* _Work order_: The full listing, minus its pictures, should be printed again exactly as it stands.

* _Data block_:
══════════════════════════════

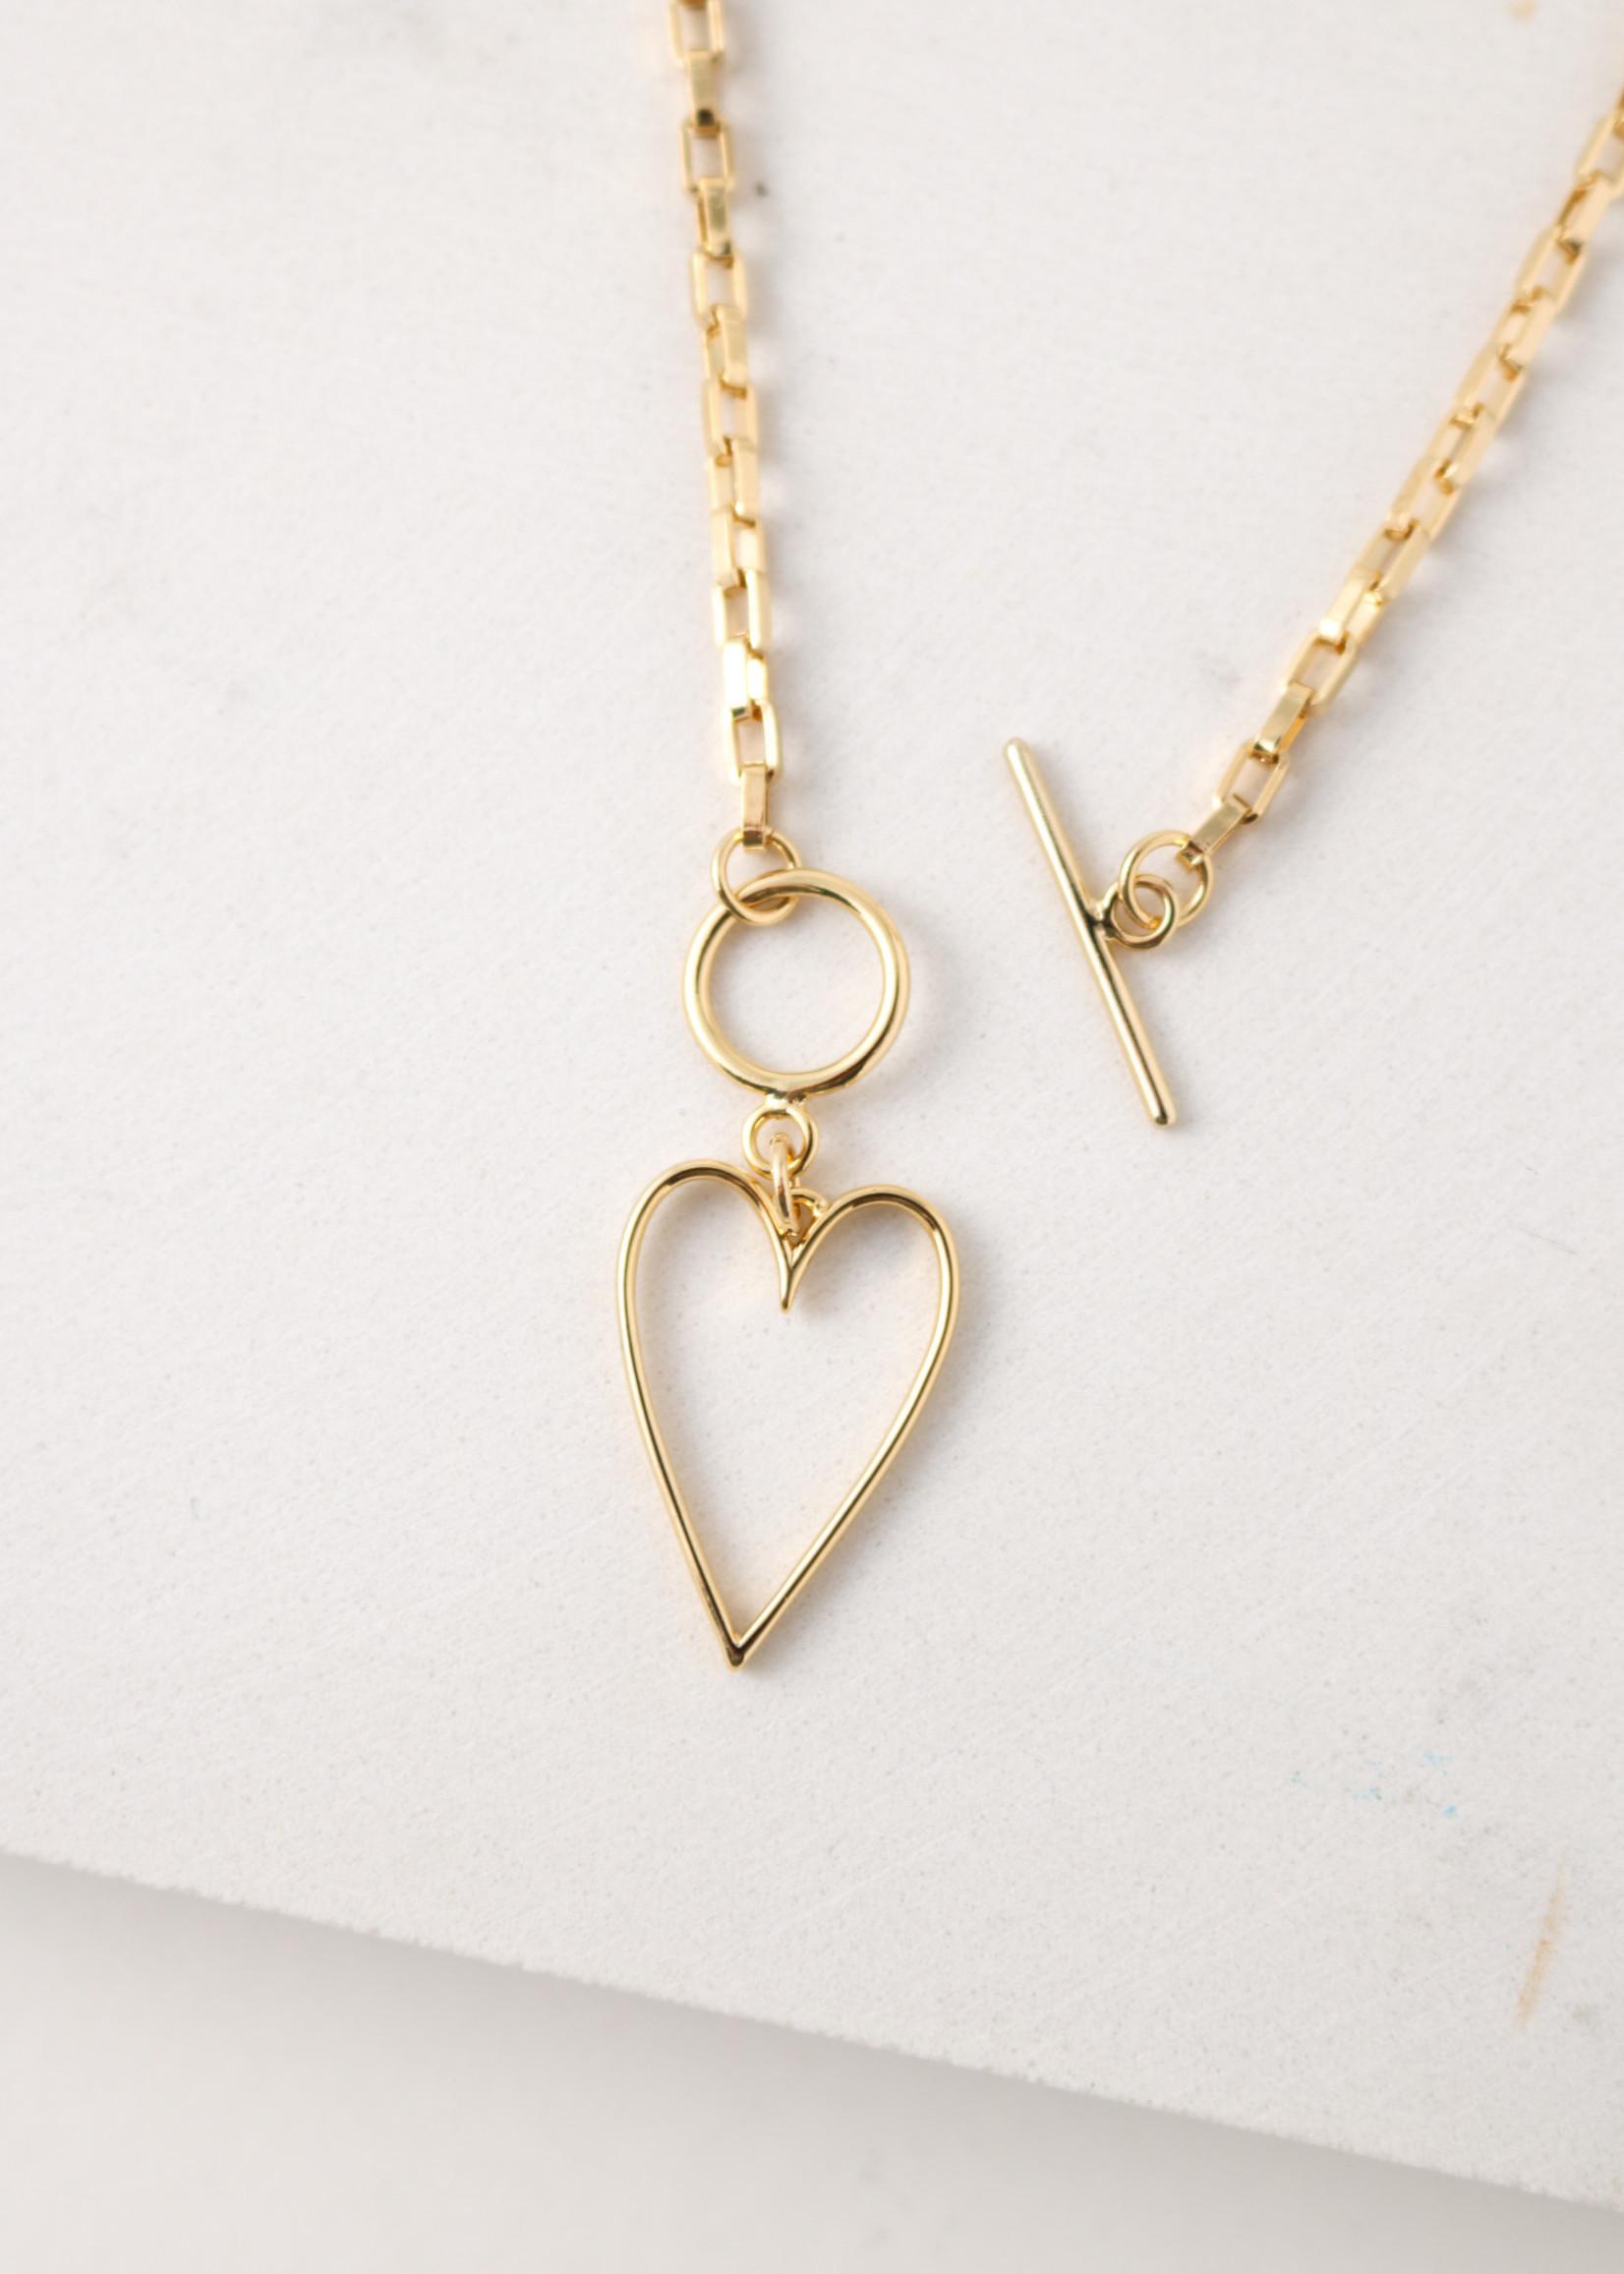 Lovestruck Heart Necklace Gold
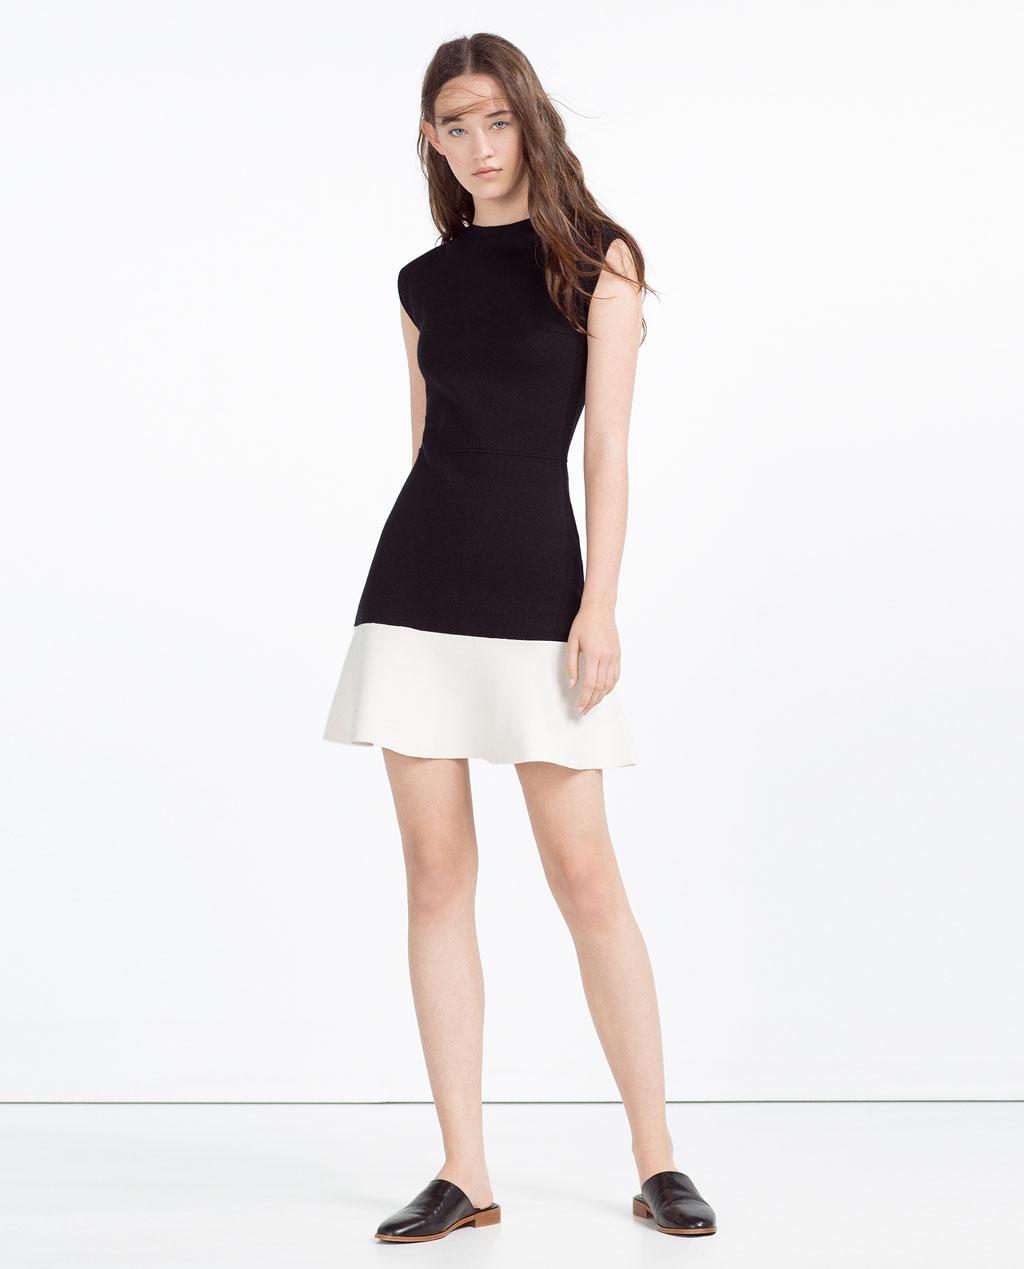 foremata zara anixi 2016 - Φορέματα Zara άνοιξη 2016
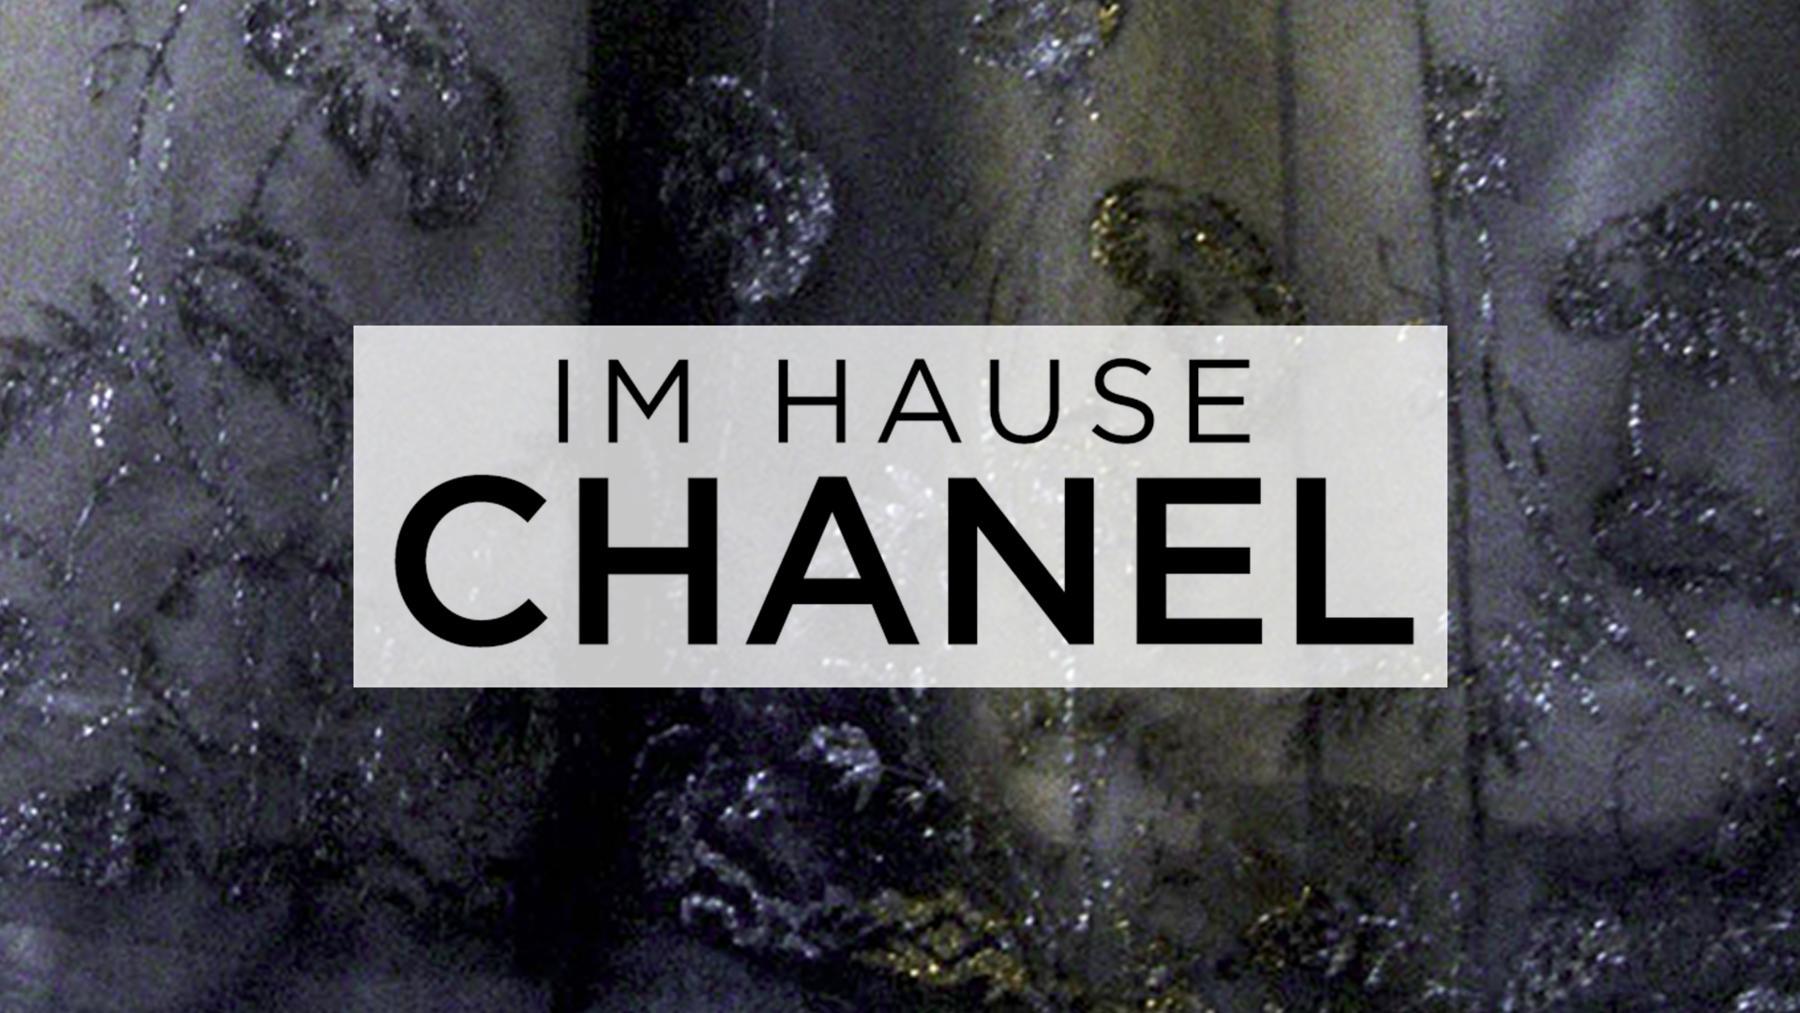 Im Hause Chanel

══════════════════════════════

* _Result for this exercise_:
 Lovestruck Heart Necklace Gold
 foremata zara anixi 2016 - Φορέματα Zara άνοιξη 2016
 Im Hause Chanel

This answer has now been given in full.